In 1949 the Battalion moved to Victoria Barracks, Windsor to find public duties in Windsor and London. In early 1950, the Battalion moved to Wellington Barracks in London, where John was selected as the Ensign for the Escort on the King’s Birthday Parade. In November he embarked on the troopship Empire Test for Libya, where the 3rd Battalion replaced the 1st Battalion. Based in Gialo Barracks, Tripoli, the Battalion exercised in the desert whilst fitting in a Birthday Trooping on the outskirts of Tripoli.
At his own expense, John flew home from Tripoli to be married, on 12th July 1951, to Susan Moore, a childhood friend. In those days, there was no allowance provided for officers who were married at the age of 22 years. The honeymoon was truncated, but so began a happy marriage which was to last for 70 years and produced two sons, Rupert and James, neither of whom were to follow their father into the Coldstream.

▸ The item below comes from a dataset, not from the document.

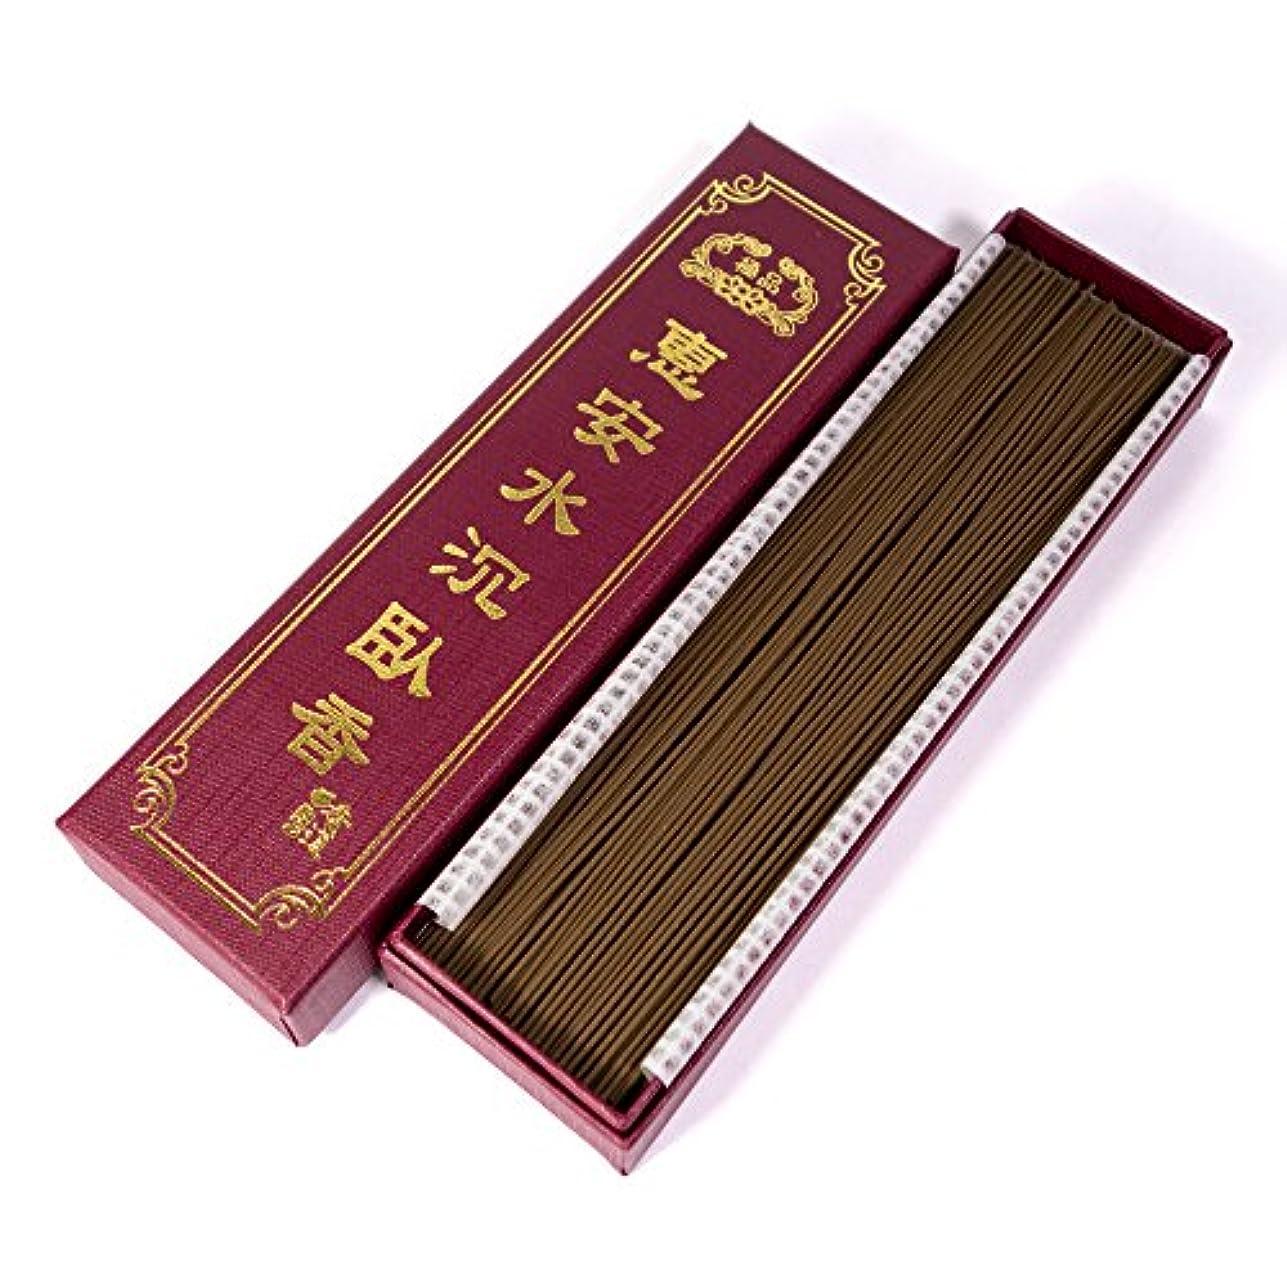 台湾沉香舍 お香 香木 線香 水沈香 惠安水沈香 煙少香 21cm 75g 約220本

John’s regimental CV continues to read impressively: 1952-54 Transport officer responsible for 90 vehicles; 1954-56 Adjutant Eaton Hall Officer Cadet School; 1957 promoted to major; 1957-58 company commander in the 1st Battalion and posted to BAOR; 1958 student at the Army Staff College Camberley, where he excelled; followed by a posting as GSO2 Ops in Headquarters 2nd Division in BAOR; 1962 company command in the 2nd Battalion; and 1963-64 appointed Regimental Adjutant, commanding the Regimental Headquarters staff and the band, responsible for the records and postings of 1,500 Coldstreamers. The Regiment at that time was twice the size it is today. And ahead of him his career was mapped out as Brigade Major, promotion to lieutenant colonel, instructor at Staff College, command of a Coldstream battalion. Sadly, this was not to be, following a dreadful traffic accident on the London Road, which left him in a coma for two weeks on death’s door and with a permanent disability. He was medically discharged from the Army in November 1967.
The Regiment’s loss was the City’s gain. John joined the City firm of Grieveson Grant. In modern parlance, he would be described as ‘Head of Compliance’. One feels certain that Grieveson Grant would have been fully compliant with all the new regulations following ‘Big Bang’. He prospered in the City for 20 years, managing the firm’s takeover by Kleinwort Benson, retiring at the age of 60 in 1988. In 1993 he and Susan moved to the lovely village of Sutton Montis in Dorset before a final move into Sherborne in 2011.
His final decade was a tough one, where his disability combined with old age made life difficult, for both him and Susan, who cared for him loyally. But John was a fighter, believing that no situation could not be improved by greater effort. It was not in his nature to ‘go gentle into that good night’, to quote Dylan Thomas. He remained a loyal Coldstreamer to the end and was a regular and generous donor to Regimental Charitable funds. He was the Regimental Adjutant’s most regular telephone caller for many years, never failing to remind the author of his time as Regimental Adjutant. No week would go by without a telephone call from John, asking about what the Regiment was up to. He remained positive, challenging and interested in all about him, until very sadly dementia got the better of him.